### Prompt
Everything in the data should be repeated exactly, save for the images.

### Data
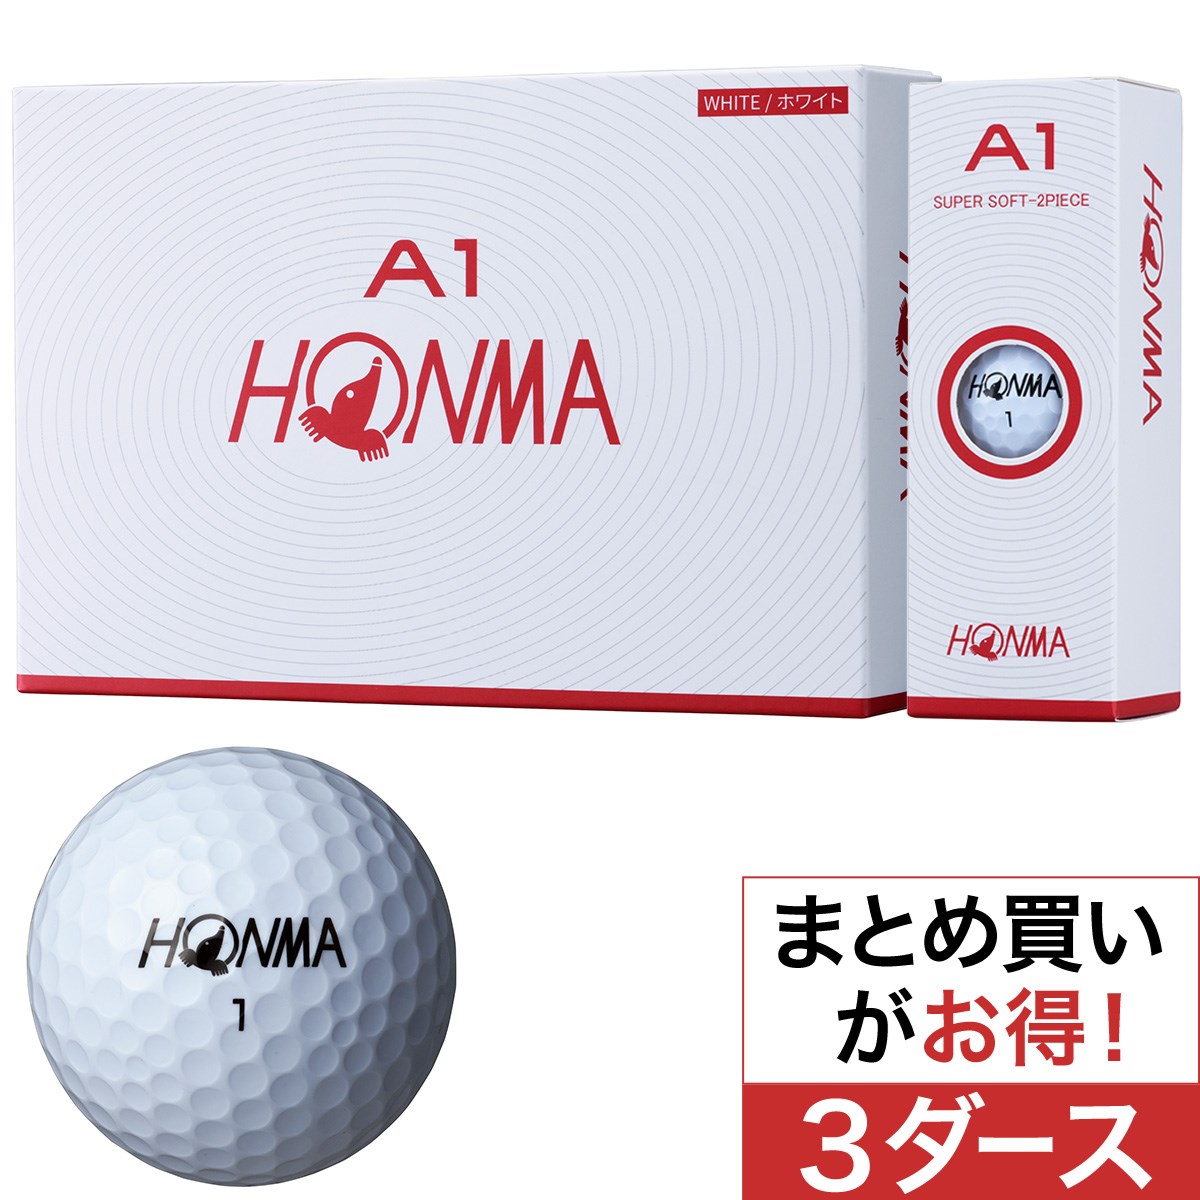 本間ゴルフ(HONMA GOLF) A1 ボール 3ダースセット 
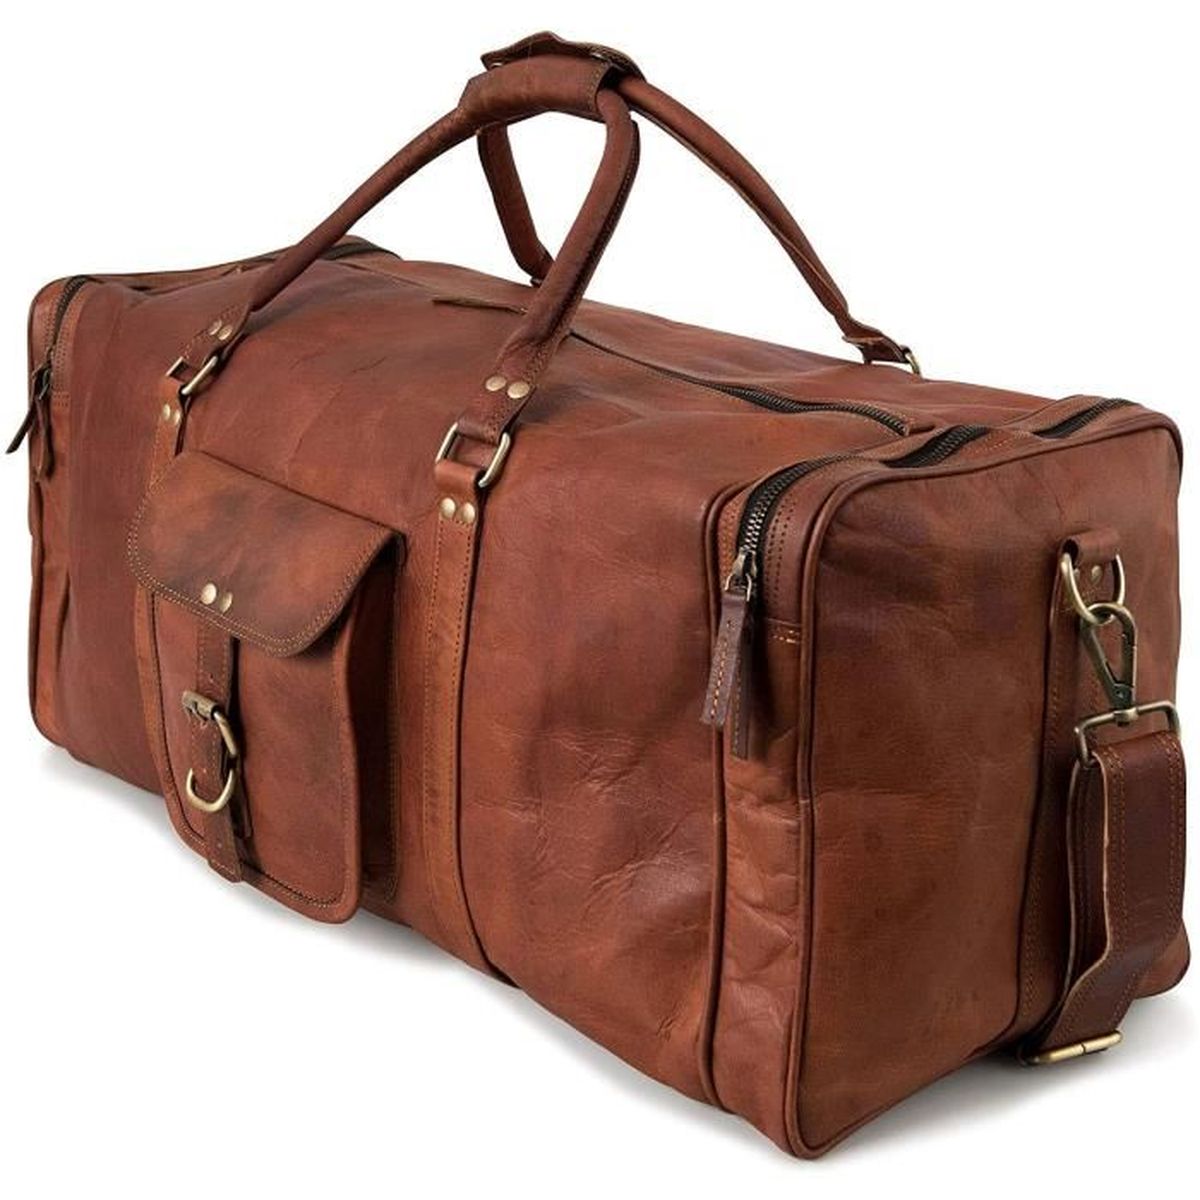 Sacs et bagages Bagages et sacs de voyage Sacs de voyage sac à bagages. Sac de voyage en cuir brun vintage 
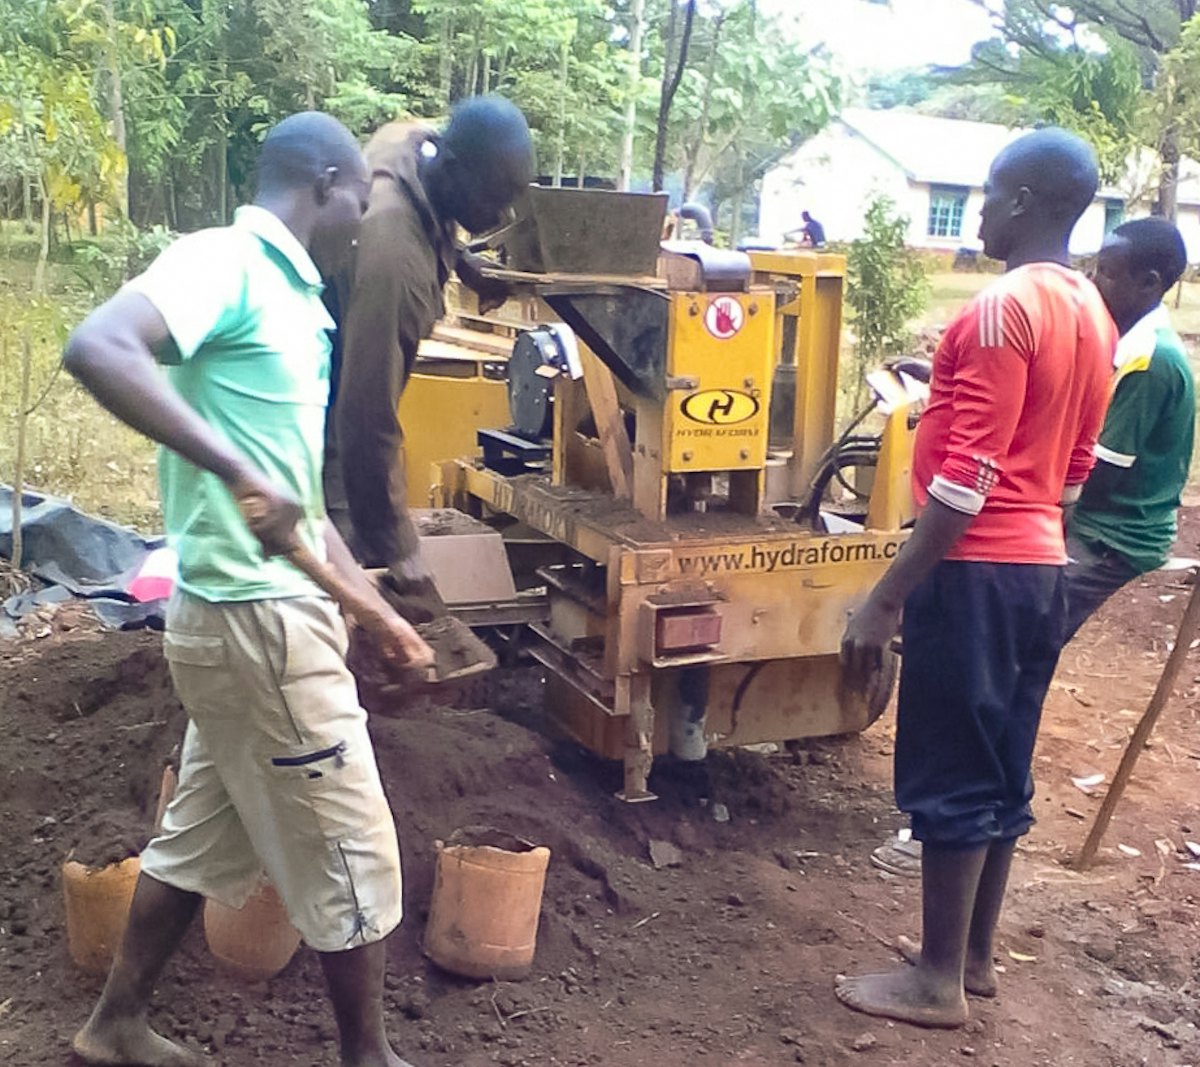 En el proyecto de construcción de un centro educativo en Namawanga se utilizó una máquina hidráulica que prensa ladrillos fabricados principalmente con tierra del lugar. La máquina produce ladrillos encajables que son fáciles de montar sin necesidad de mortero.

### Output below
 本間ゴルフ(HONMA GOLF) A1 ボール 3ダースセット 
 Sacs et bagages Bagages et sacs de voyage Sacs de voyage sac à bagages. Sac de voyage en cuir brun vintage 
 En el proyecto de construcción de un centro educativo en Namawanga se utilizó una máquina hidráulica que prensa ladrillos fabricados principalmente con tierra del lugar. La máquina produce ladrillos encajables que son fáciles de montar sin necesidad de mortero.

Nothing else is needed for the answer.